Dr. Alger and Jimok Kim, PhD, a research associate in the Department of Physiology, wondered how a system adapted for short-term signaling could produce such long-lasting effects. They developed a model to investigate how long-term changes in brain activity would affect endocannabinoids. The work revealed a new and unsuspected mode of control of this ubiquitous signaling system. 

This study, entitled “Reduction in Endocannabinoid Tone is a Homeostatic Mechanism for Specific Inhibitory Synapses,” has just appeared online in Nature Neuroscience. What it shows is that the background level of neuronal activity influences a continuous, ongoing release of anandamide, an endocannabinoid whose function had been mysterious.
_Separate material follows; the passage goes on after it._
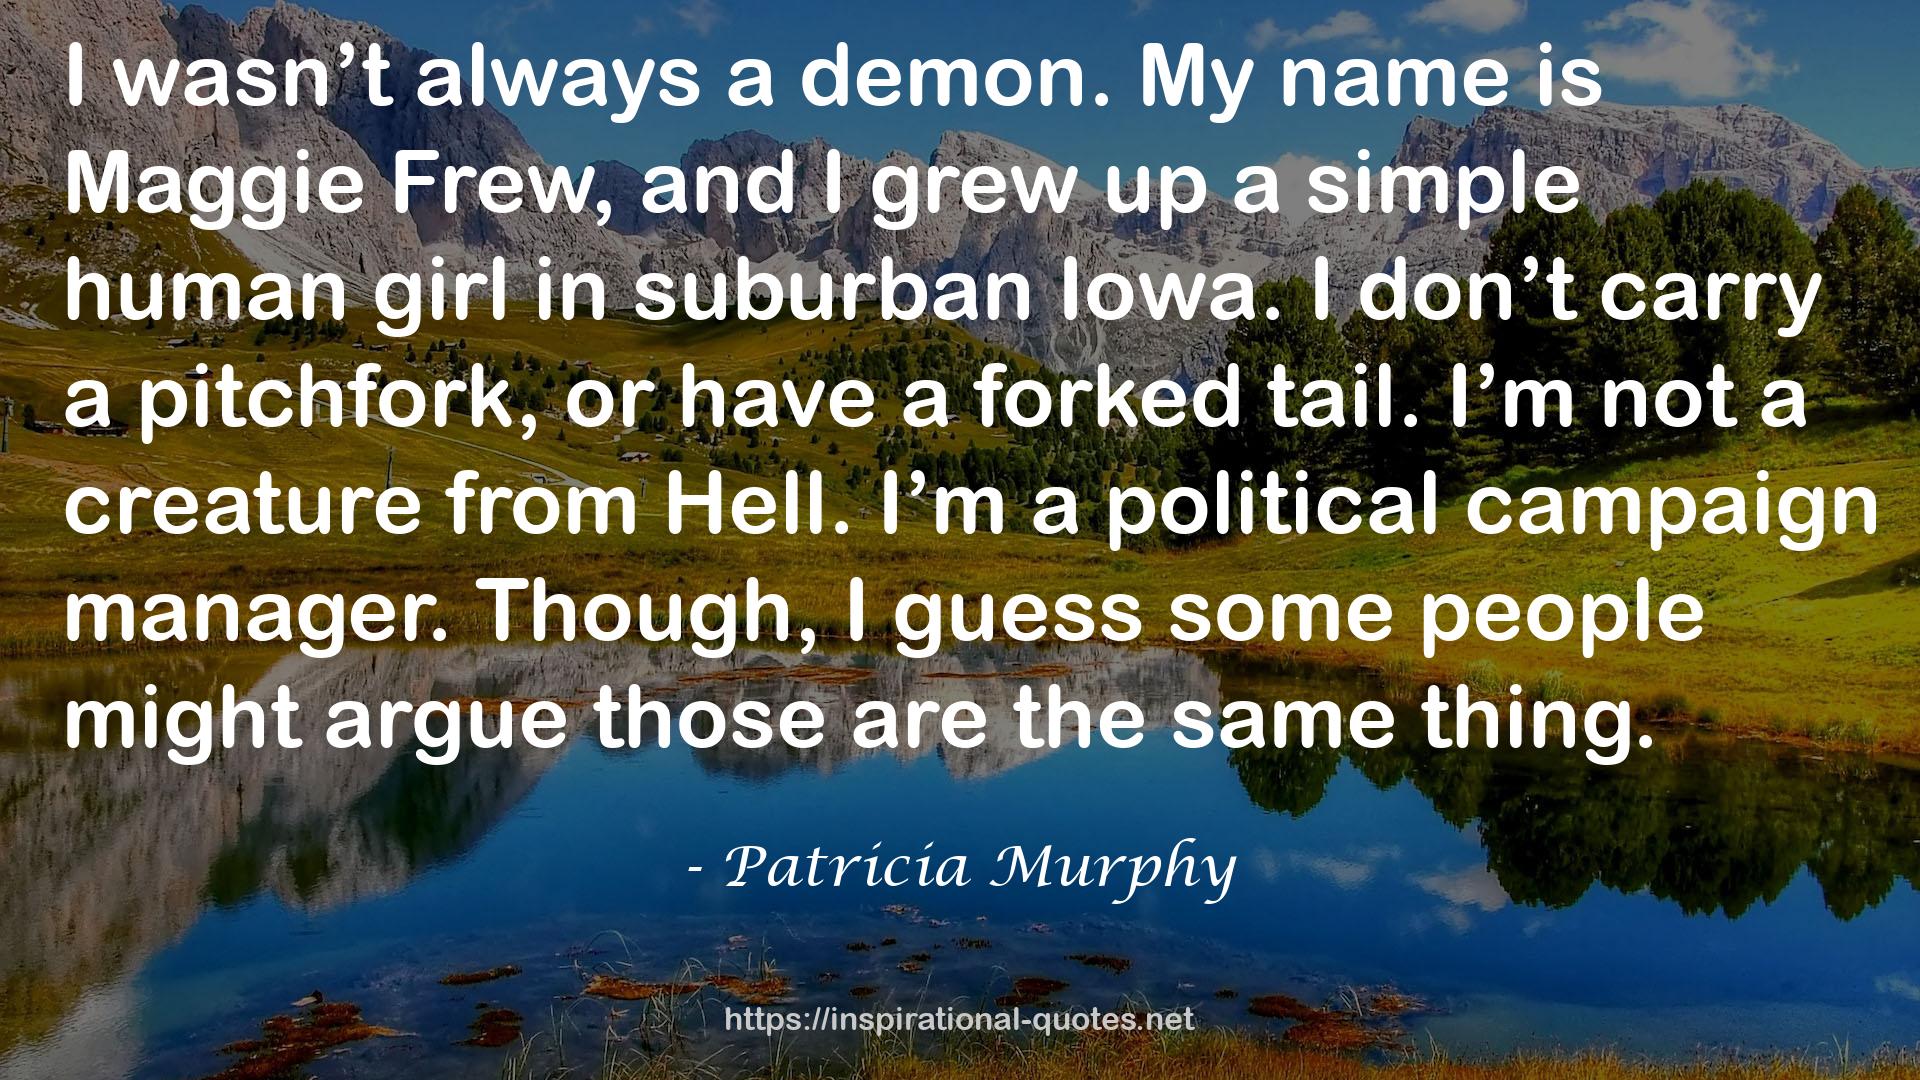 Patricia Murphy QUOTES

Anandamide does not take part in short-term endocannabinoid effects, but drugs effective in treating chronic pain, anxiety and depression appeared to target the anandamide pathway.

Since these clinical states are thought to involve persistent changes in neuronal activity, discovery of anandamide’s role forms a critical link between the basic and clinical neuroscience involved. Dr. Kim says, “It brings light to the ways in which the endocannabinoid system might be targeted in future therapeutic drug design strategies.”

Adds Dr. Alger, “This work will help translate the bench side of endogenous cannabinoid research to the bedside of cannabinoid-based therapies for a host of clinical disorders.”